[Start of Attachment]

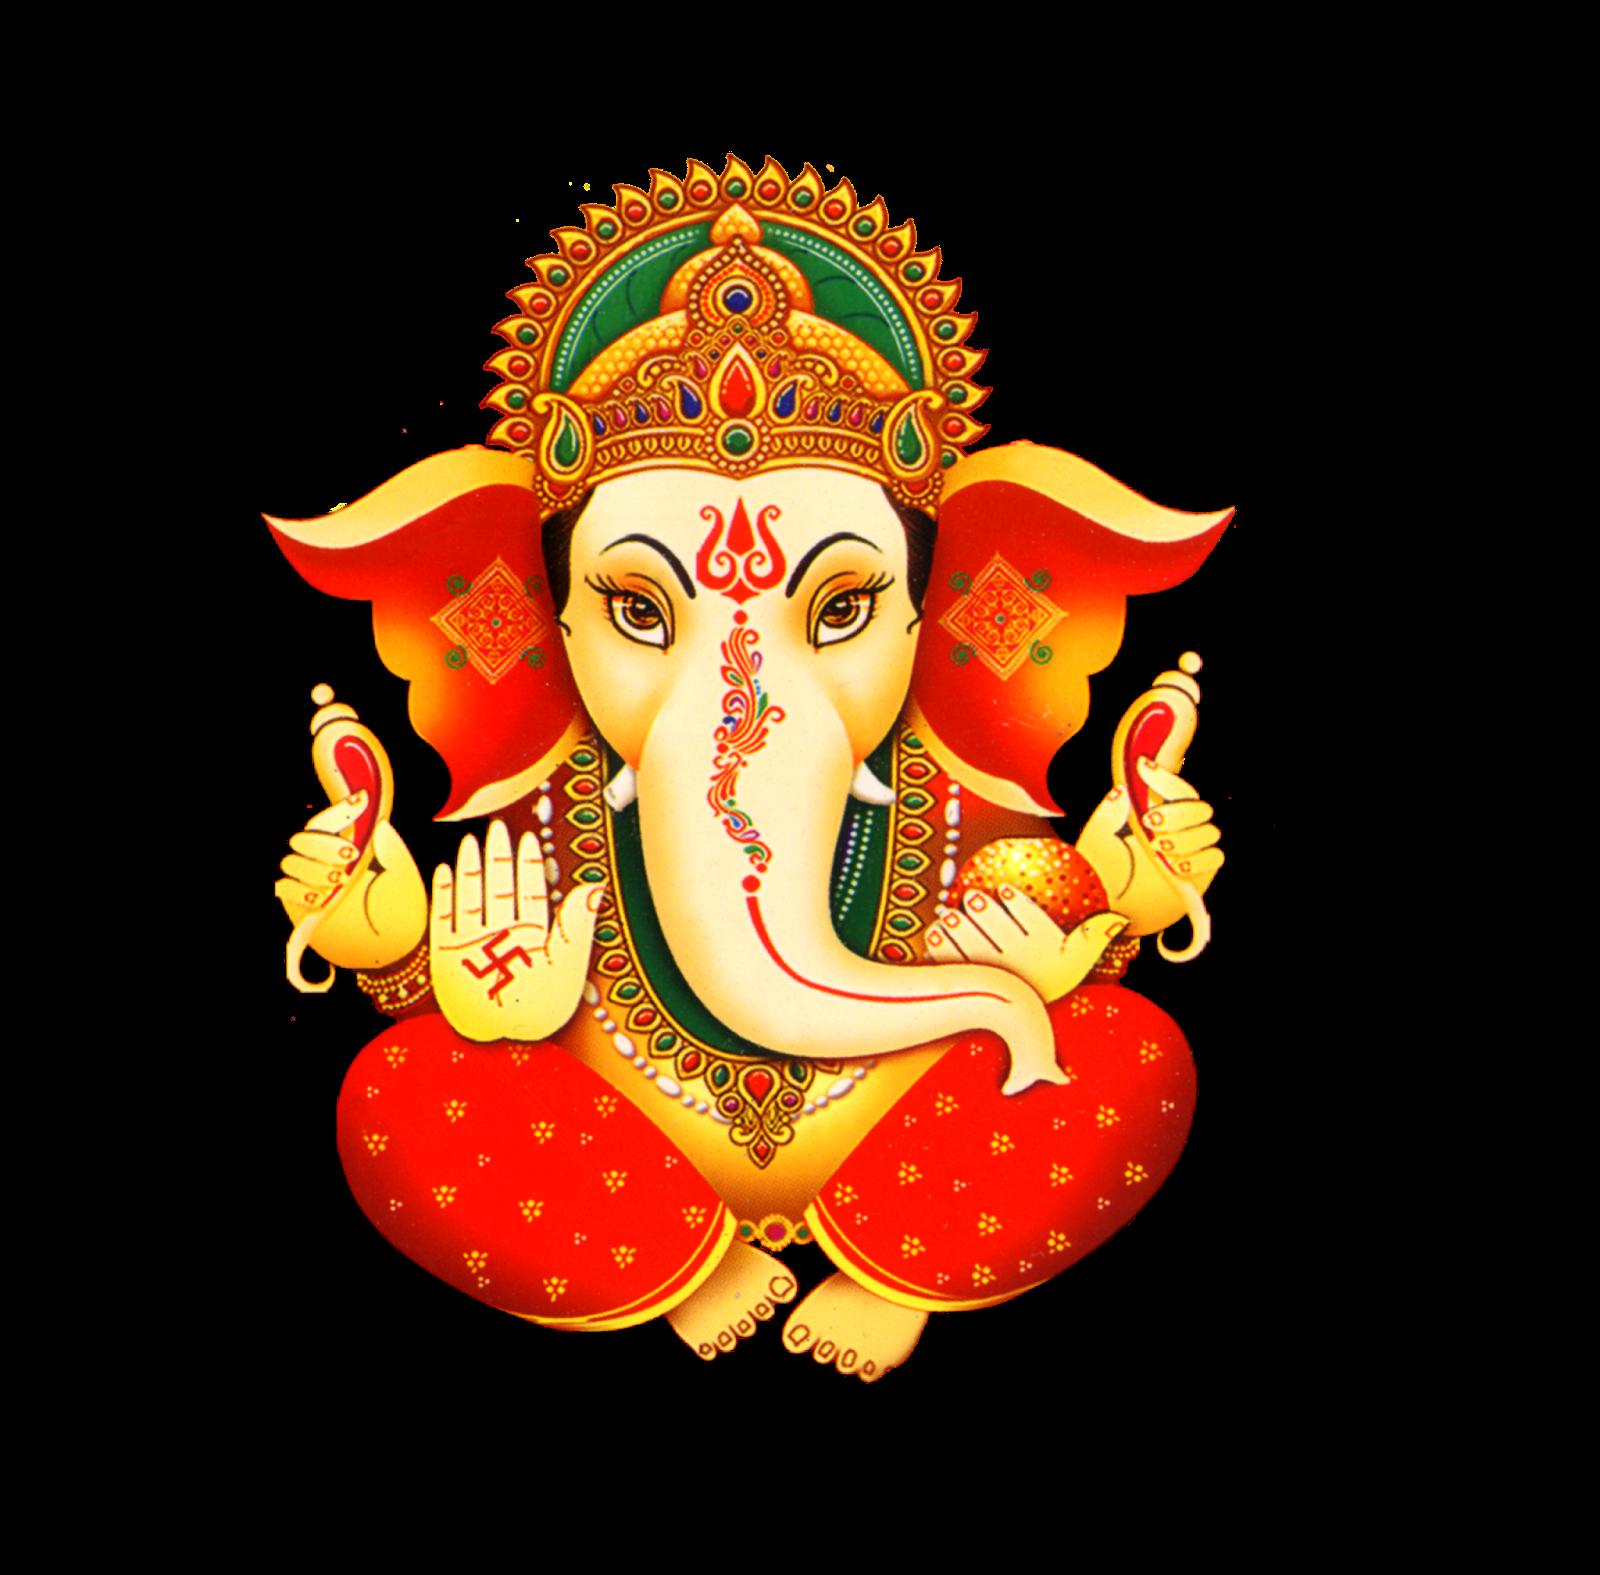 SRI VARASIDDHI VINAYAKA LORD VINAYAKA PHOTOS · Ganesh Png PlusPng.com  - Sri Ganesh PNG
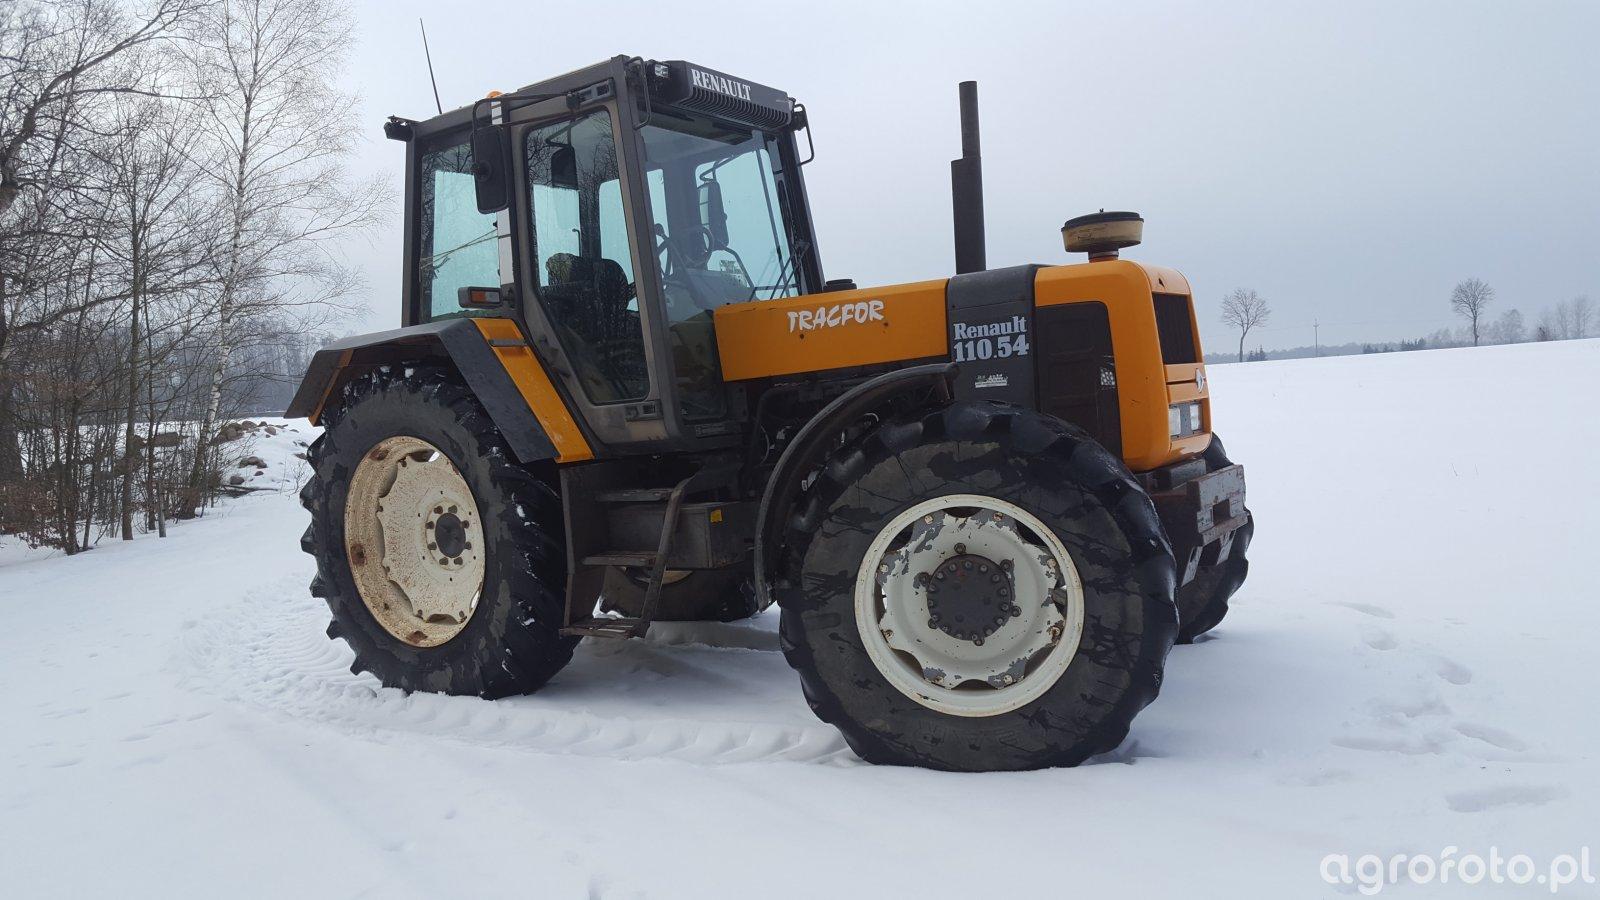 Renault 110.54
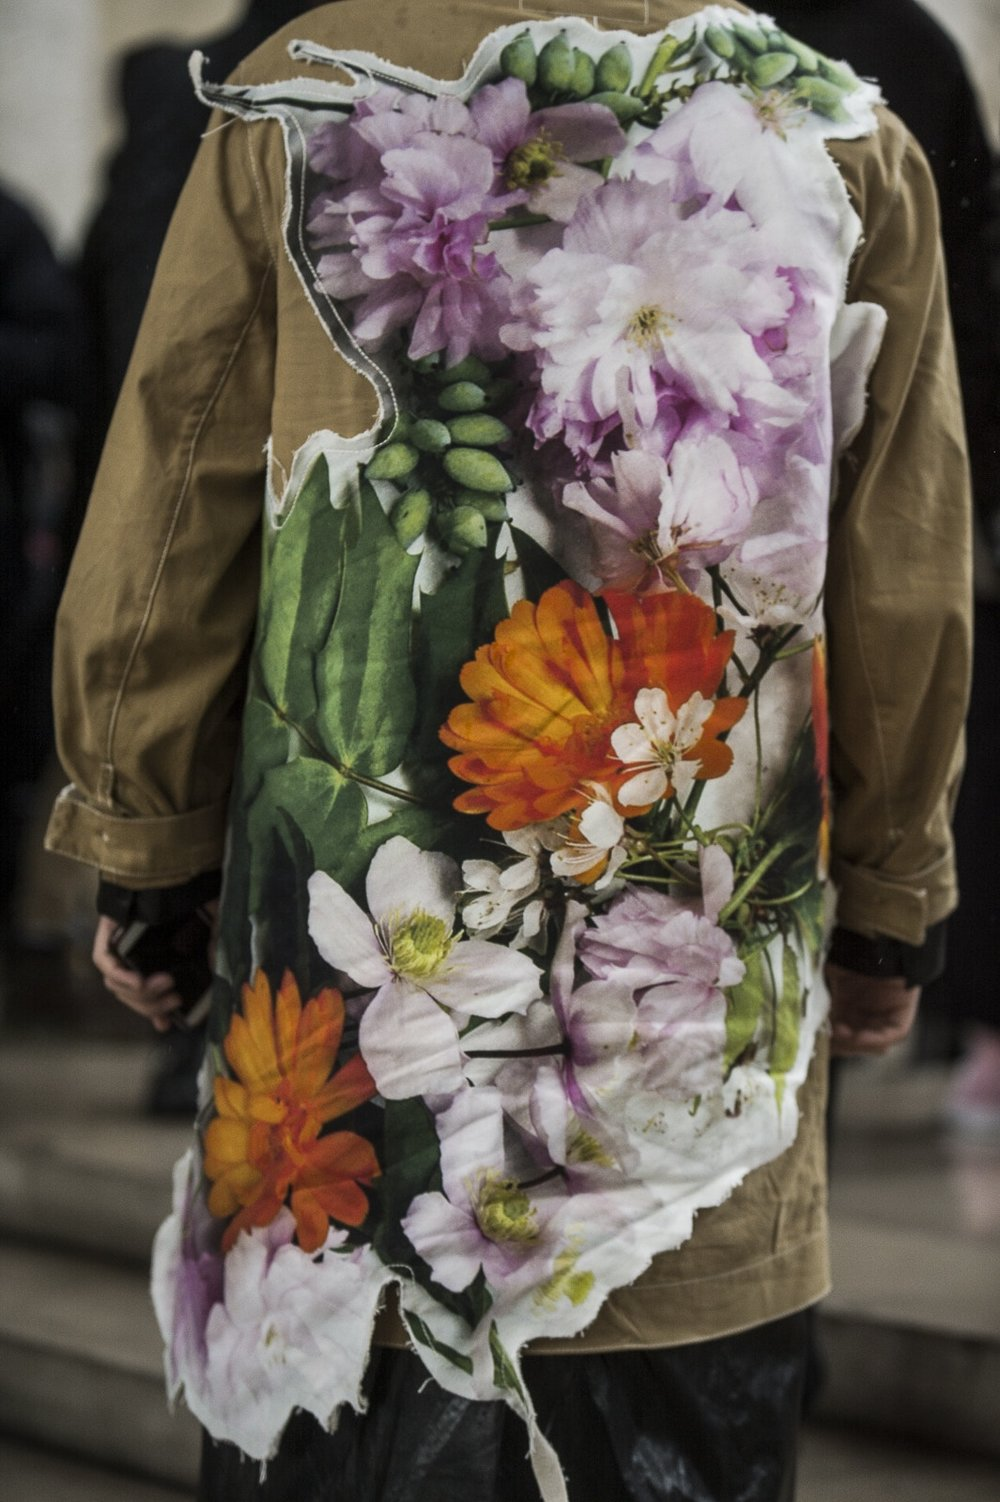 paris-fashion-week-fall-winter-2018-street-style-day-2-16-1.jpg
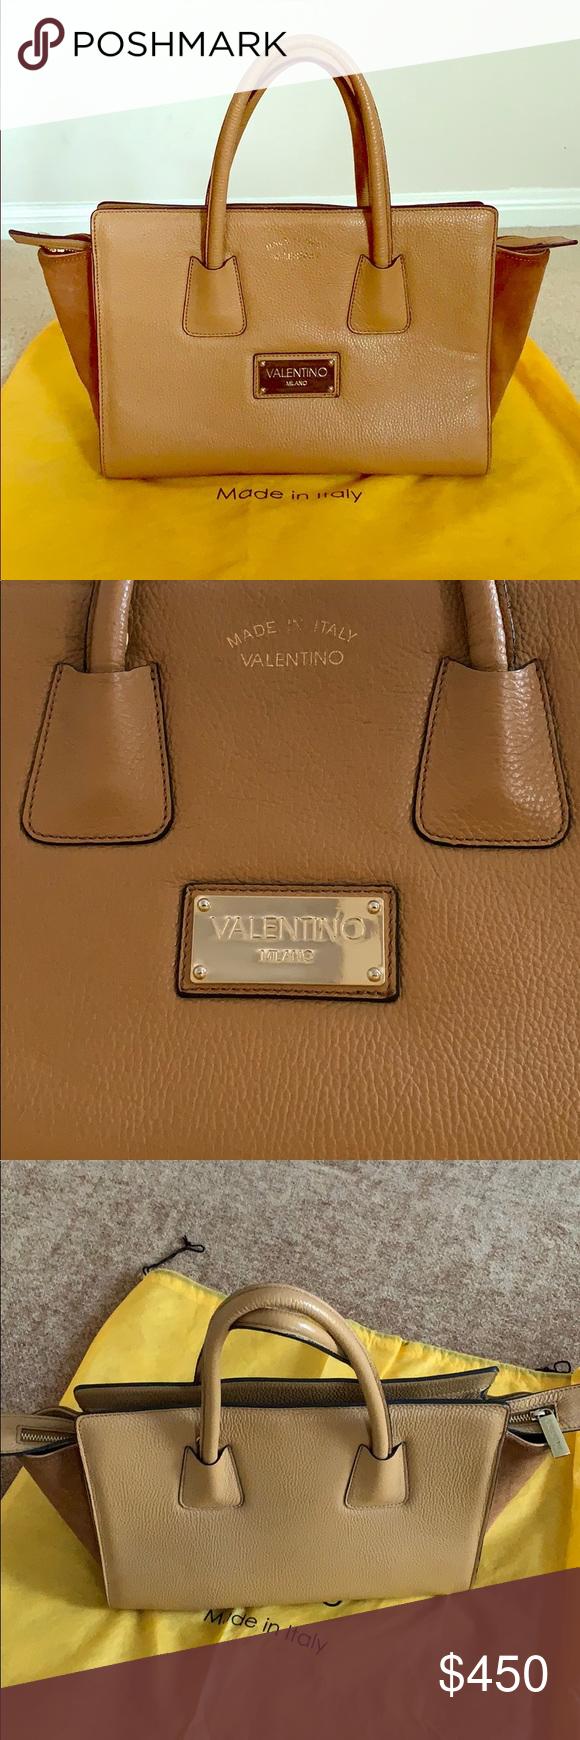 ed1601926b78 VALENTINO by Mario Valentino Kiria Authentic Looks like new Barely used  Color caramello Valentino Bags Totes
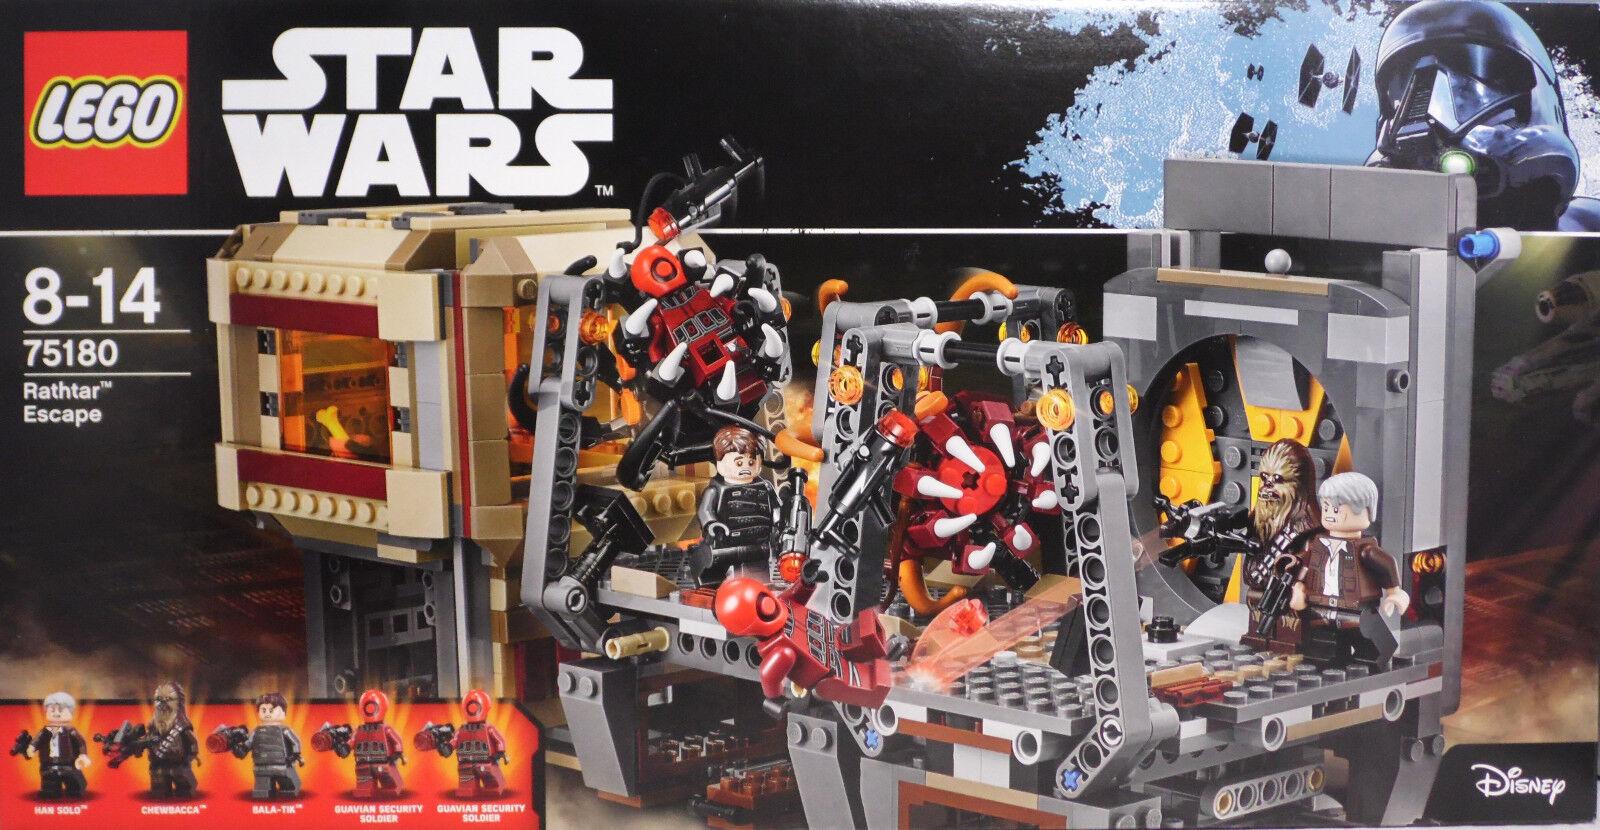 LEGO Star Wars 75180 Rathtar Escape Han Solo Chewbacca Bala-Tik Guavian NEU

[End of Attachment]

**INSTRUCTIONS FOR THE TASK**. Restate the data above word for word. Do not include the images.

**RESPONSE BOX**.
 SRI VARASIDDHI VINAYAKA LORD VINAYAKA PHOTOS · Ganesh Png PlusPng.com  - Sri Ganesh PNG
 Renault 110.54
 paris-fashion-week-fall-winter-2018-street-style-day-2-16-1.jpg
 ed1601926b78 VALENTINO by Mario Valentino Kiria Authentic Looks like new Barely used  Color caramello Valentino Bags Totes
 LEGO Star Wars 75180 Rathtar Escape Han Solo Chewbacca Bala-Tik Guavian NEU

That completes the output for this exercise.